山代温泉財産区の現状については、さきに吉江議員にお答えしたとおりであります。温泉地のシンボルであります共同浴場につきましては、市と協議しながら温泉地の活性化のためにも存続をしなければならないと考えております。市にいろいろな面で御支援をいただきたいと思っておる次第でございます。 以上です。
○副議長(西出振君)
東谷片山津財産区管理会長。
◎
片山津財産区管理会長(東谷外余松君)
片山津財産区に係る一連の事柄につきましては、さきに吉江議員にお答えしたとおりであります。共同浴場につきましては、先ほど
山谷山代温泉財産区管理会長が述べられたとおり、思いは同じであります。
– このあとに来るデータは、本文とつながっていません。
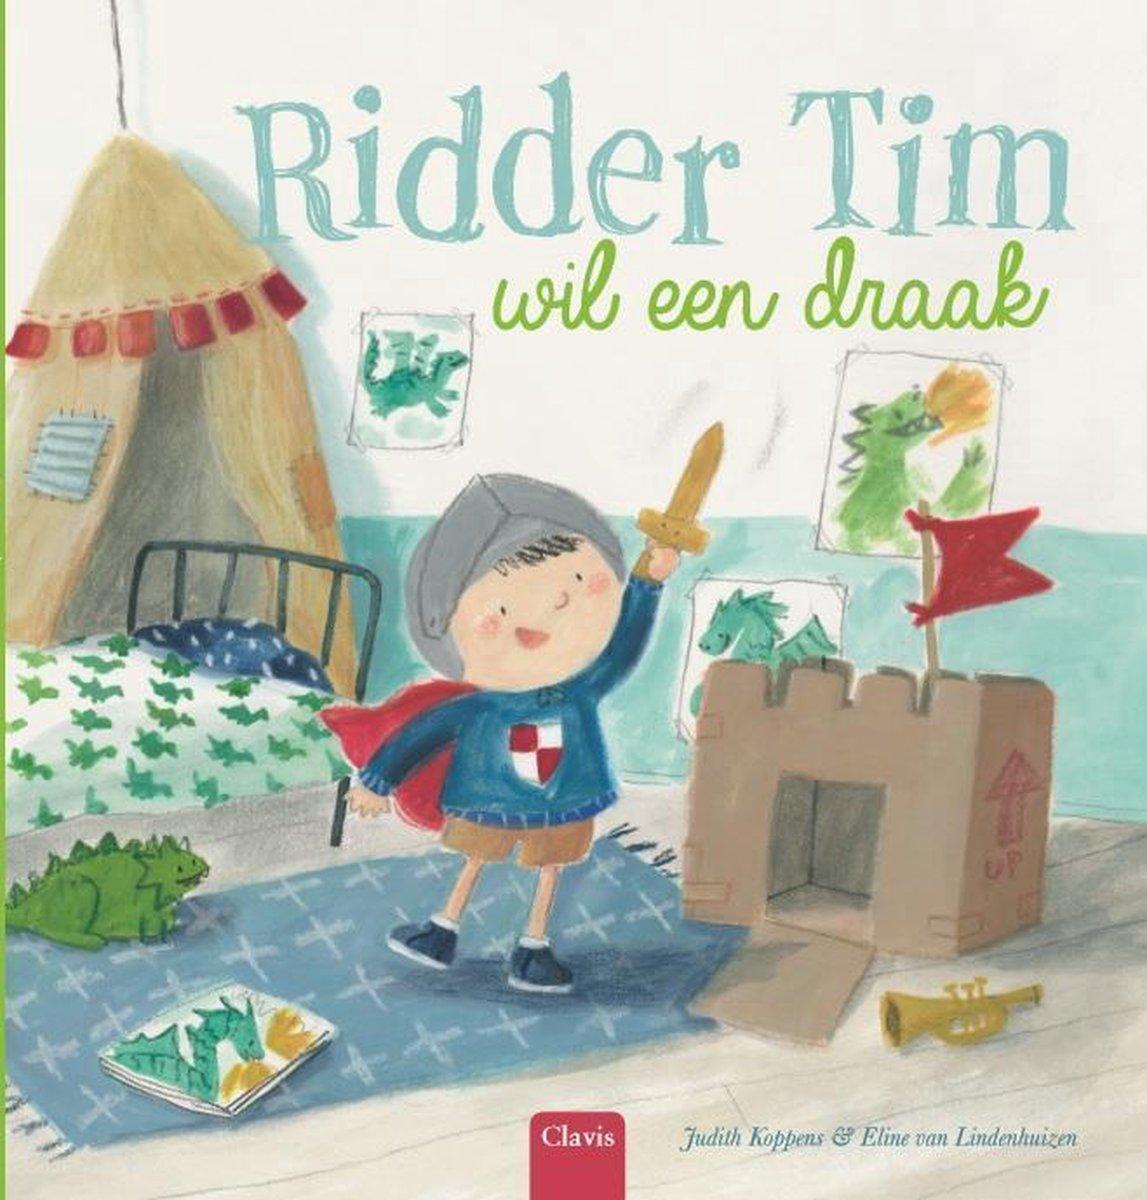 bol.com   Ridder Tim wil een draak, Judith Koppens   9789044829907   Boeken

特に片山津につきましては、地域全体が沈滞しており、市の一層の御支援をお願いしているところでございます。 以上でございます。
△休憩
○副議長(西出振君) この際、暫時休憩いたします。 午後3時13分休憩 平成12年9月14日(木)午後3時36分再開出席議員(21名) 1番 室谷弘幸 2番 岩村正秀 3番 山口忠志 4番 宮本啓子 5番 細野祐治 6番 上出栄雄 7番 西出清次 8番 坂野行平 10番 西出 振 11番 小塩作馬 12番 若林幸子 13番 林 俊昭 14番 山村信一 15番 吉江外代夫 16番 酢田隆司 17番 林 茂信 19番 新後由紀子 21番 川下 勉 22番 宮田 勇 23番 平井 清 24番
矢田郷昭三欠席議員(2名) 9番 谷口久男 18番 村井幸栄
△再開
○議長(村井幸栄君) 会議を再開し、休憩前の議事を続けます。
△質疑・質問(続)
○議長(村井幸栄君) 山口忠志君。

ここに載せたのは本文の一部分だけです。